Другими словами, на току делается кое-как род изгороди, которая бывает вышиною не более аршина, зато длиною такова, чтобы могла охватить кругом главное токовище, пересекаясь между собою под разными углами. Изгородь эта должна быть настолько часта, чтоб глухарь сквозь нее пройти не мог.

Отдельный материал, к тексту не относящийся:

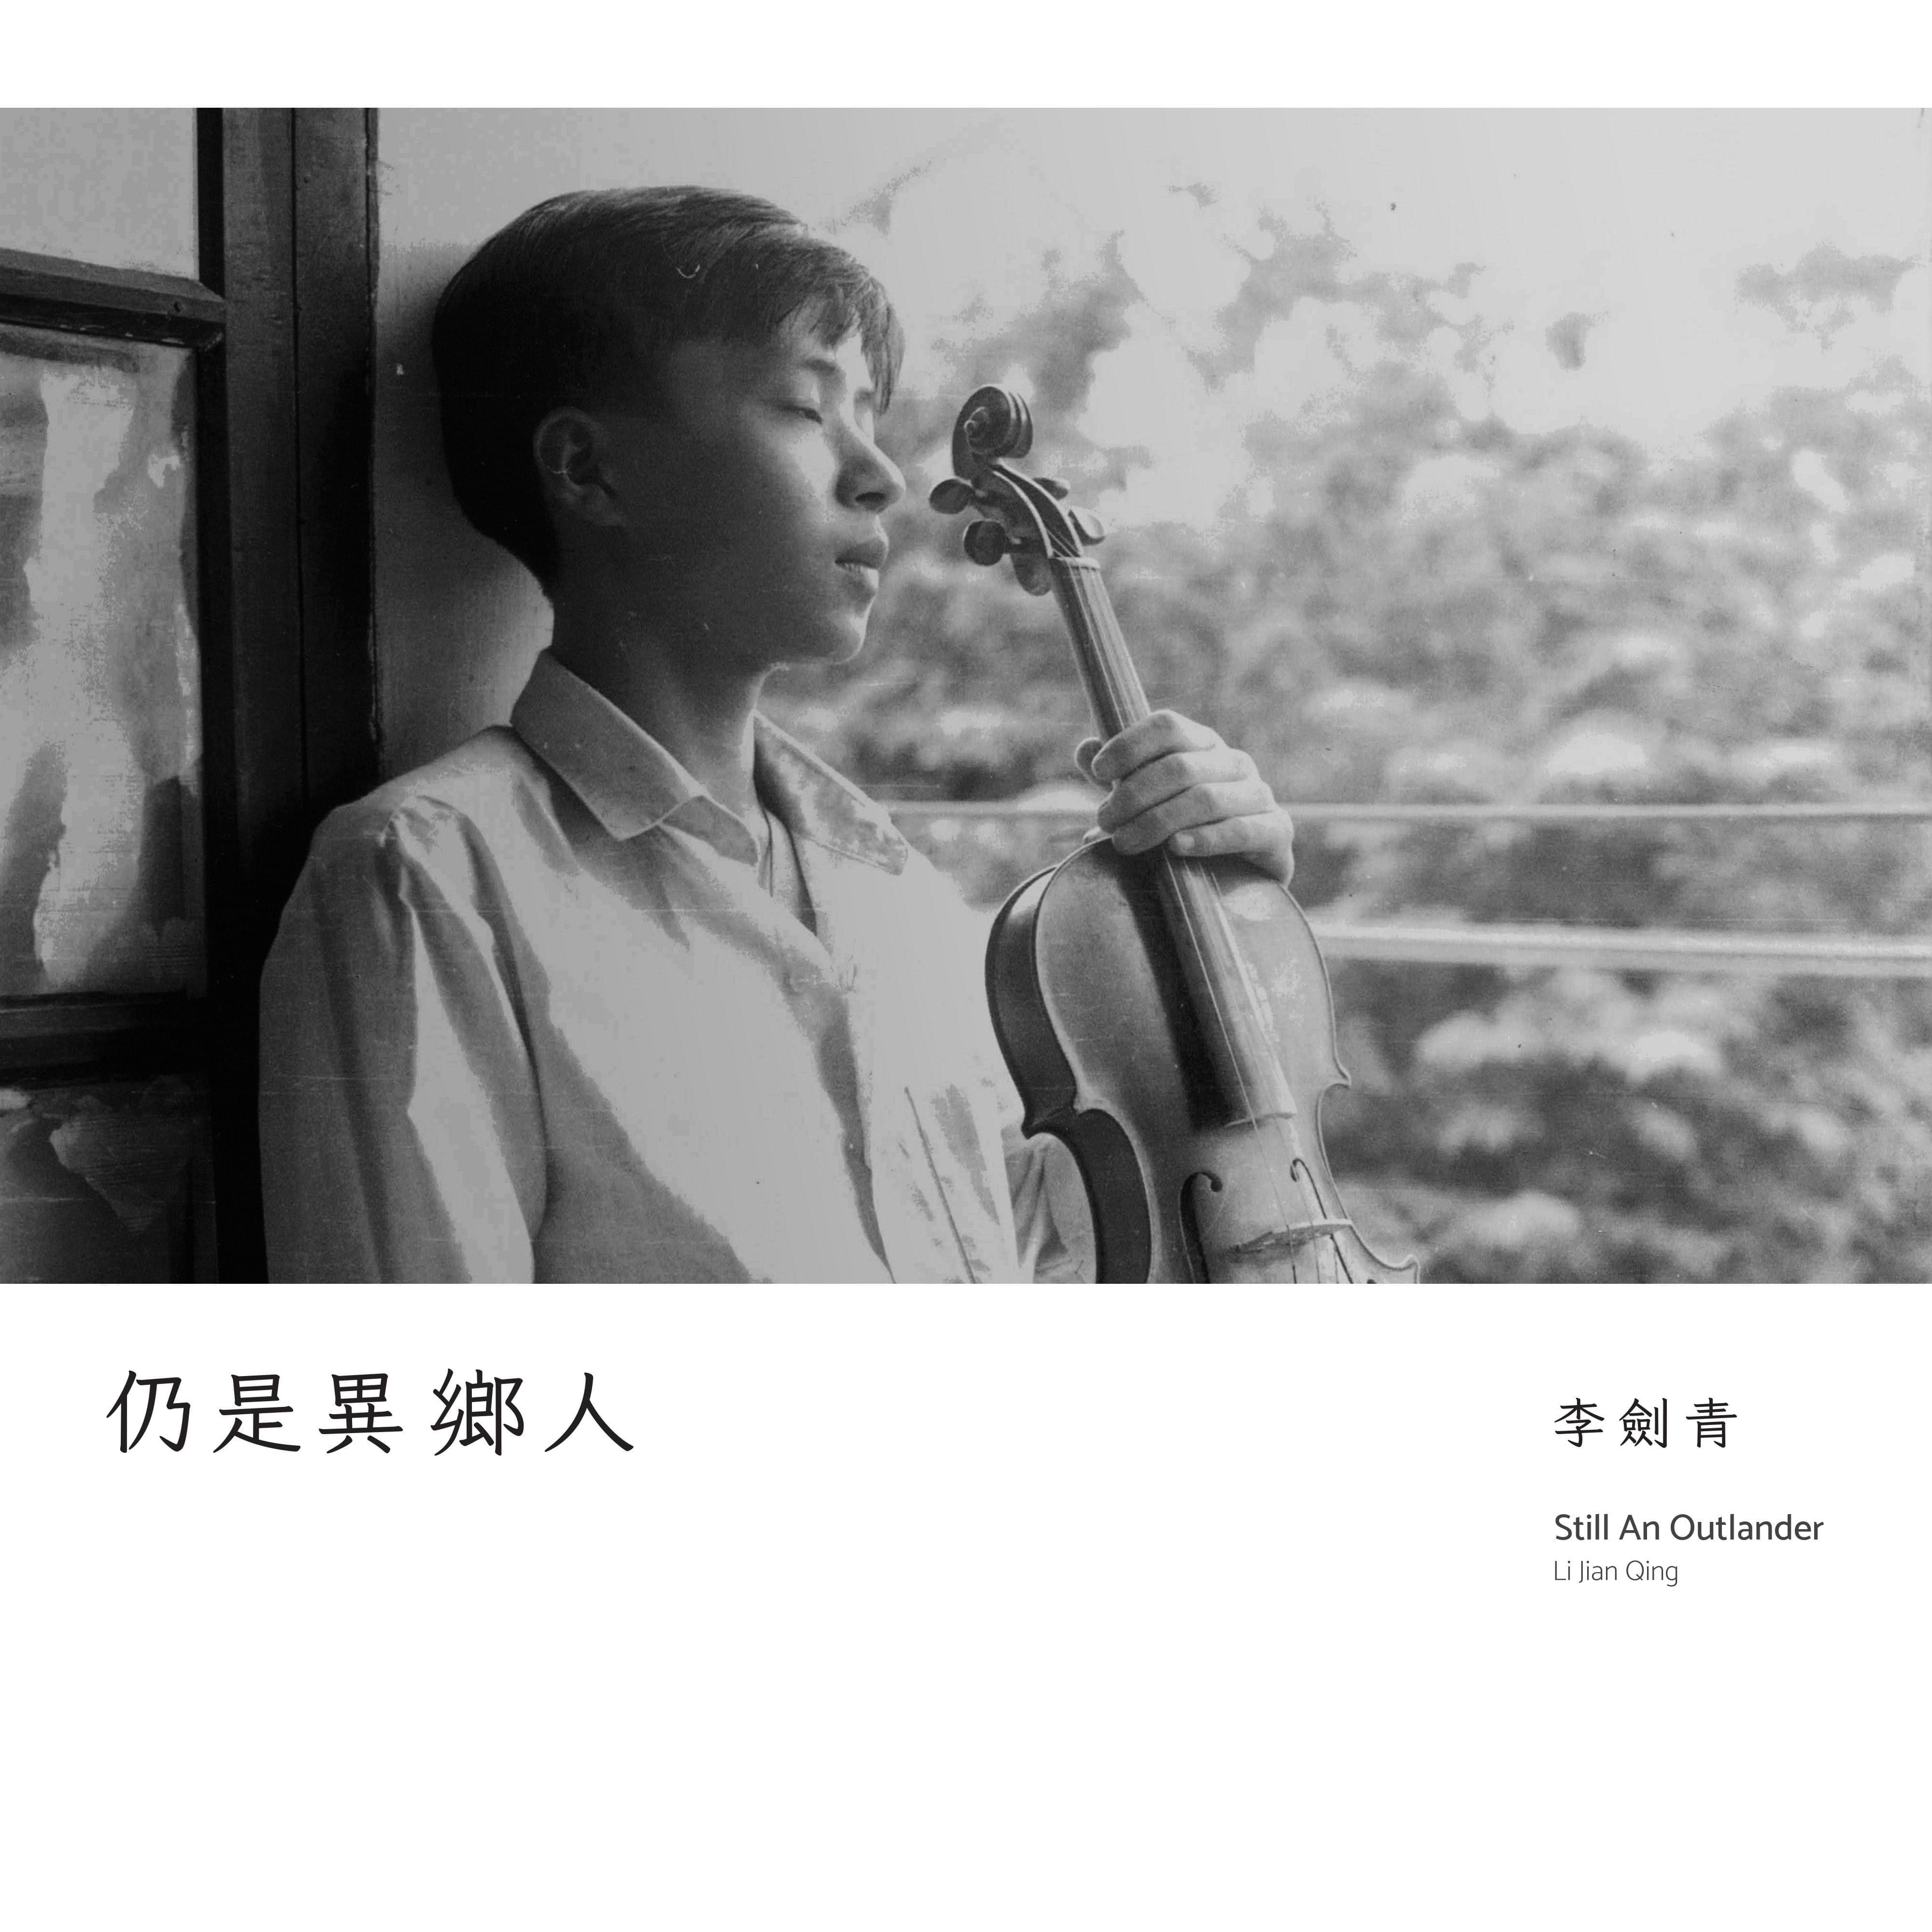 献给平凡人的叙事诗 李剑青发EP《仍是异乡人》

В удобных местах тока в томбоке оставляются небольшие воротца, между вбитыми в землю колышками; шириною они бывают не более полуаршина; вот в этих-то воротцах и настораживаются крепкие петли весьма различными способами, кто как умеет. Дело в том, что глухари, спустившиеся токовать на пол, непрестанно бродят по току, но, не имея возможности попасть через томбок, идут в воротца и попадают в петли, которые сучатся из крепких постегонок или белого или черного волоса, смотря по тому, когда ставятся петли, т. е. при снеге или по черностопу. Число петель или воротцев зависит от прилежания охотника и обширности тока. Неленивые промышленники устраивают томбока и ставят петли на нескольких токах и ловят глухарей нередко в огромном количестве. Даже кочевые туземцы делают томбока, поселяясь на это время вблизи токов и посылая для осмотра ловушек утром и вечером ребятишек, жен и престарелых ирокезов. Глухарь, попавшись в петлю, обыкновенно пятится и, скоро затянув ее, задыхается, но копалуха бьется во все стороны, отчего частенько отрывает петли и улетает.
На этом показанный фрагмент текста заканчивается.